• [Data segment]:
++++++++

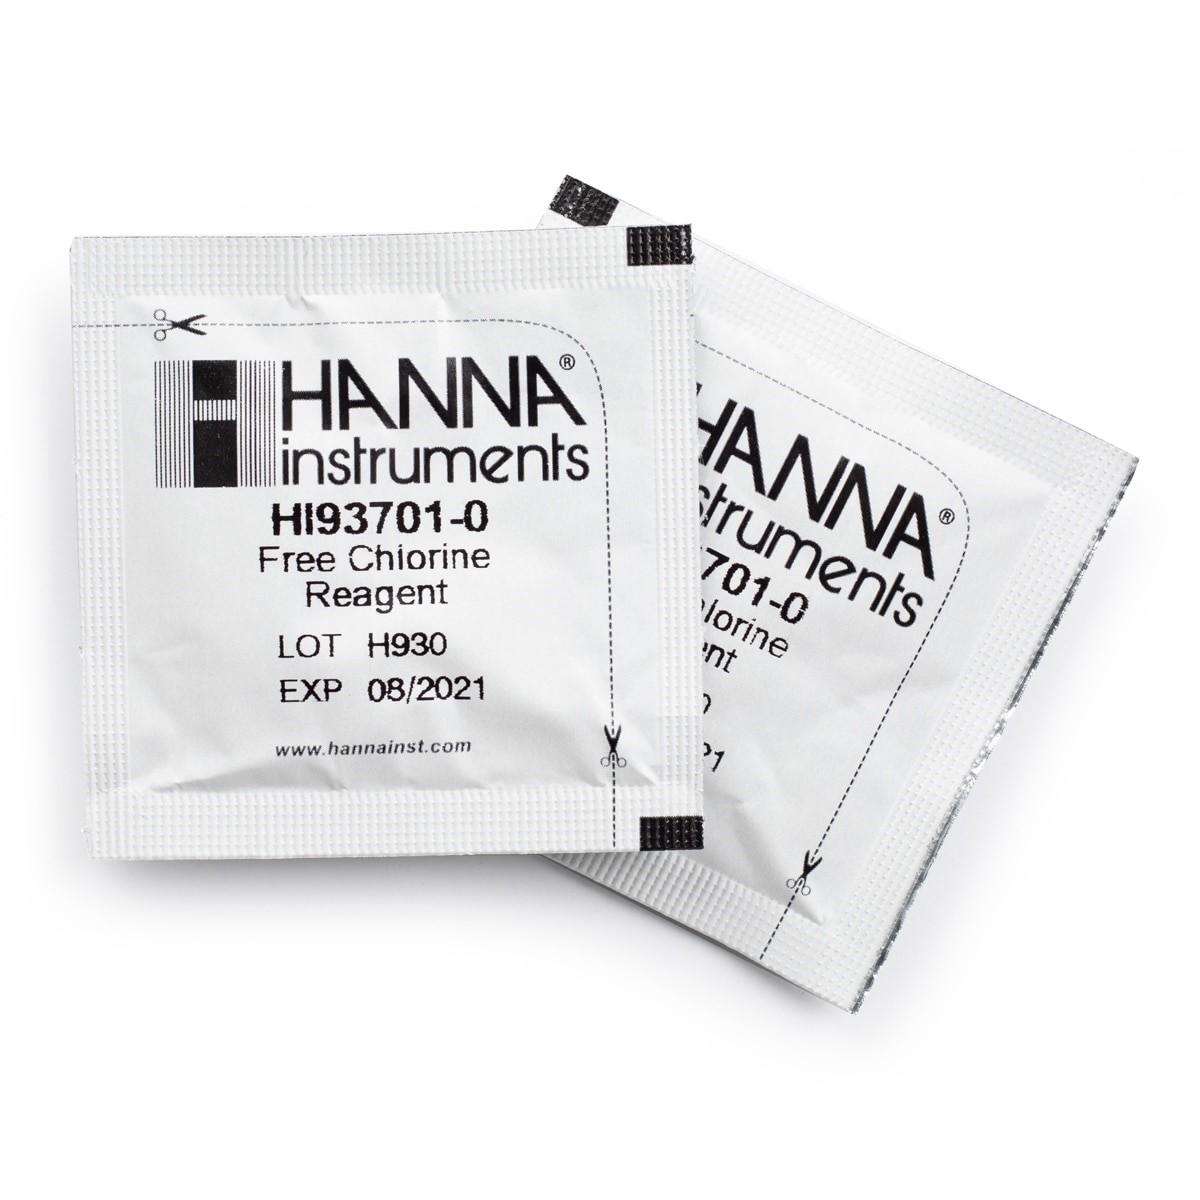 HI93701-03 Free Chlorine Reagents (300 tests)
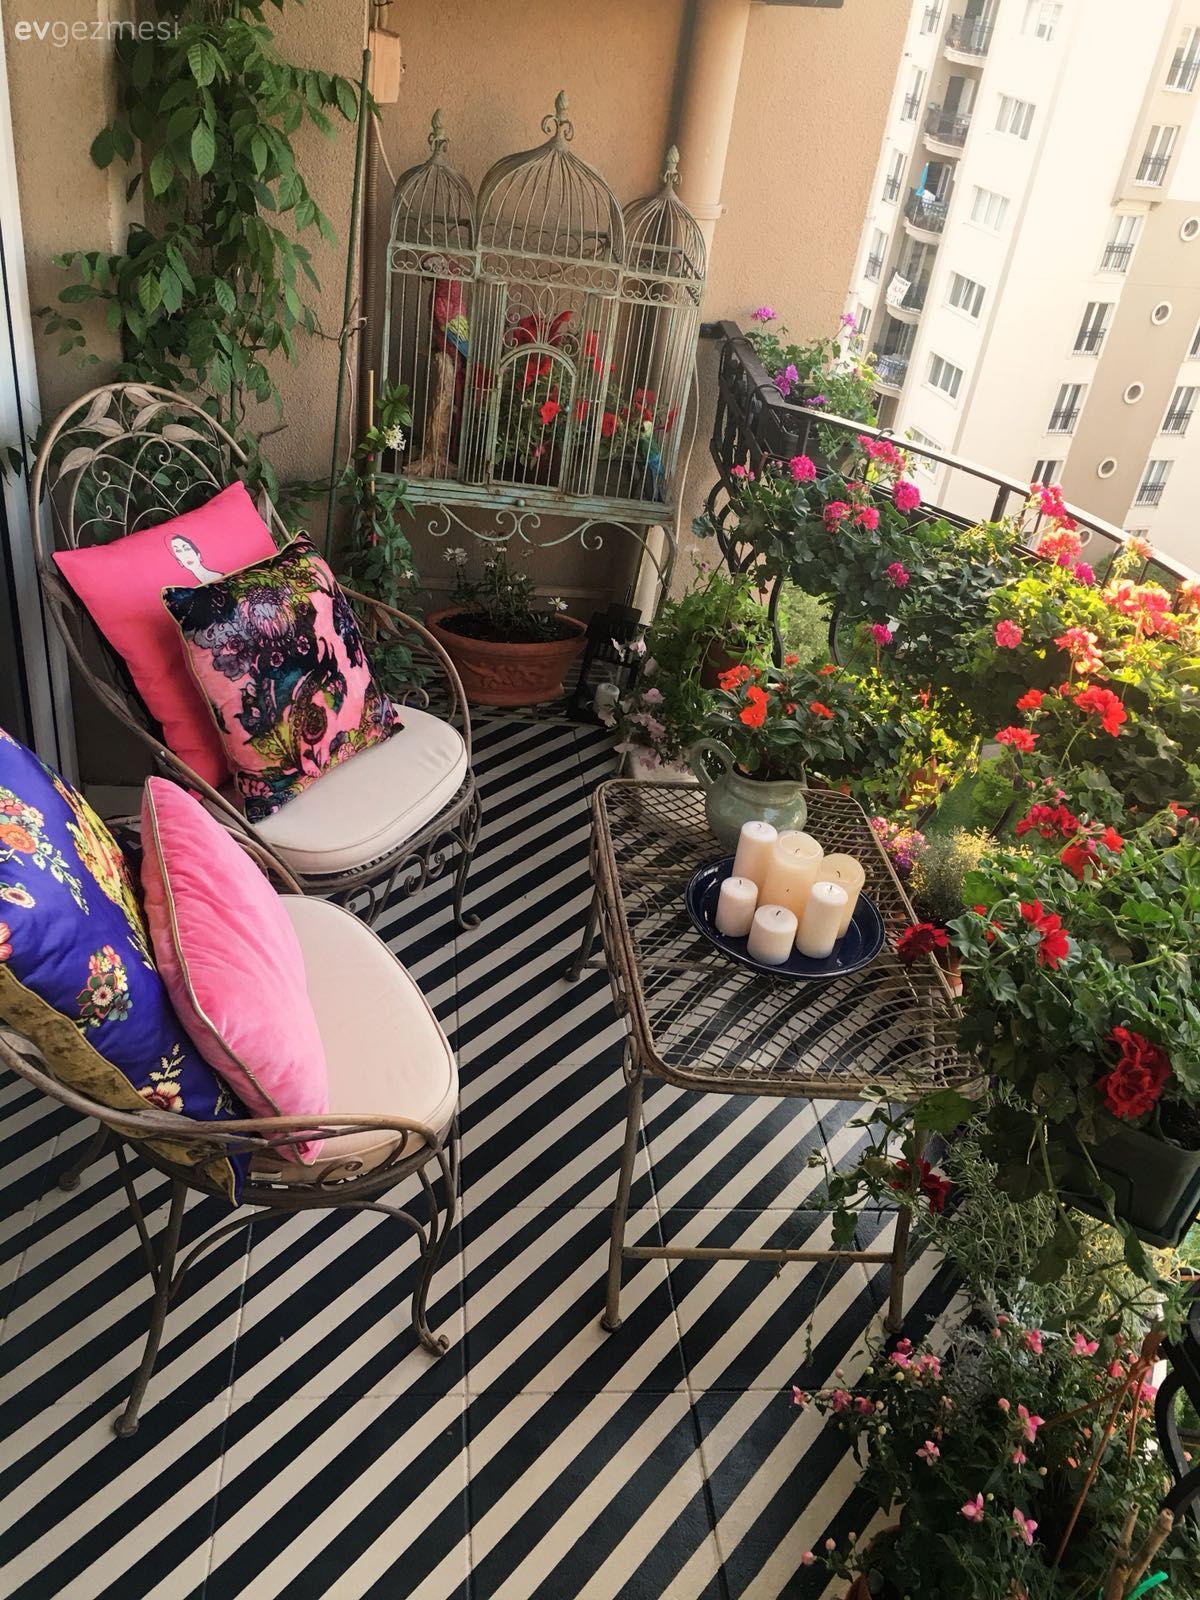 El Emegi Ile Donusen Bu Balkon Cizgili Zemini Renkli Cicekleri Ile
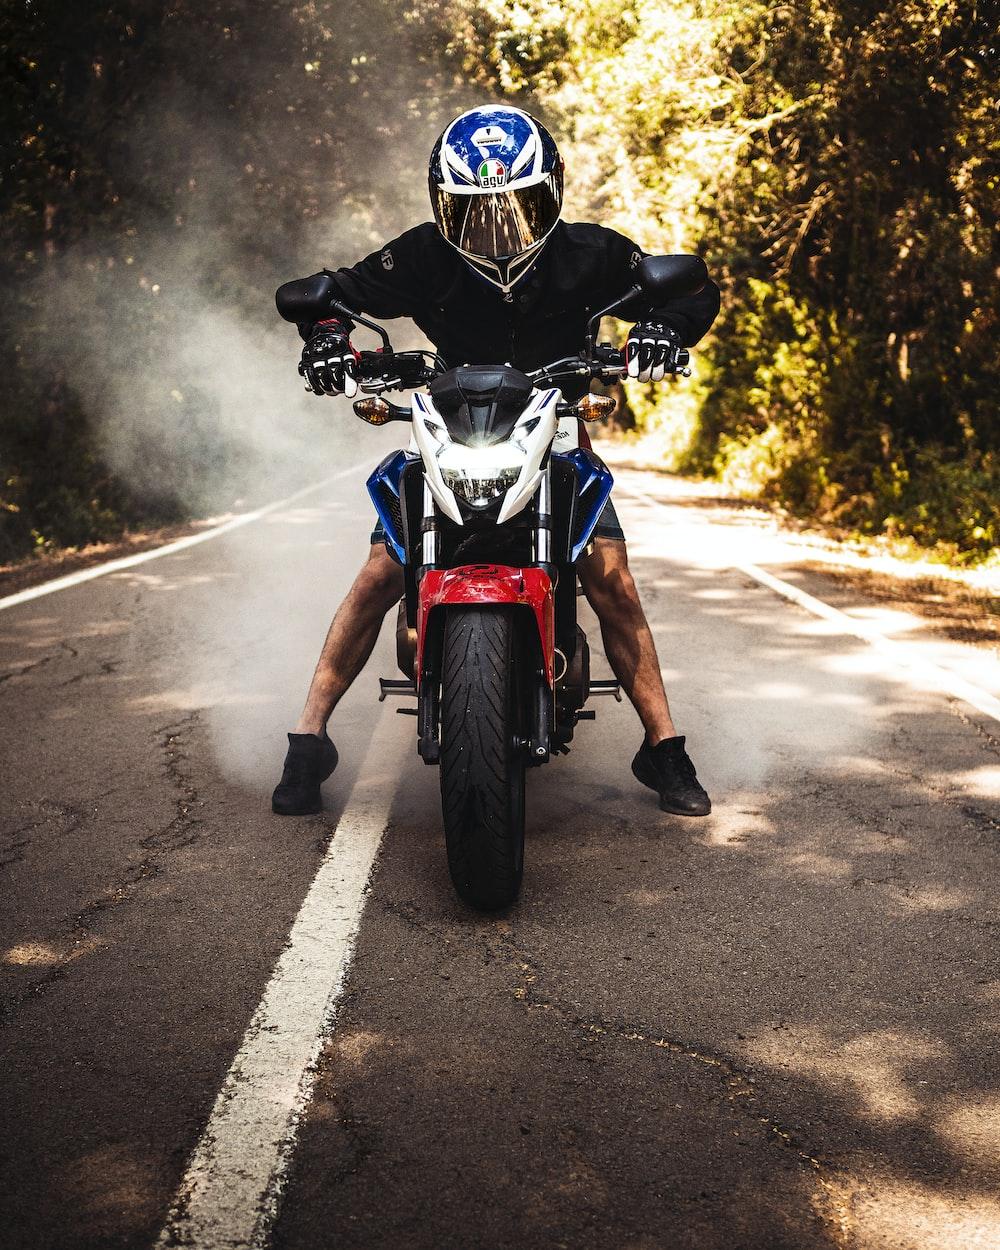 man riding on motorcycle near tree

++++++++

• [Instructions to follow]:
When you retype the listing, keep every line exactly as it is and drop the pictures.

• [Output]:
 HI93701-03 Free Chlorine Reagents (300 tests)
 El Emegi Ile Donusen Bu Balkon Cizgili Zemini Renkli Cicekleri Ile
 man riding on motorcycle near tree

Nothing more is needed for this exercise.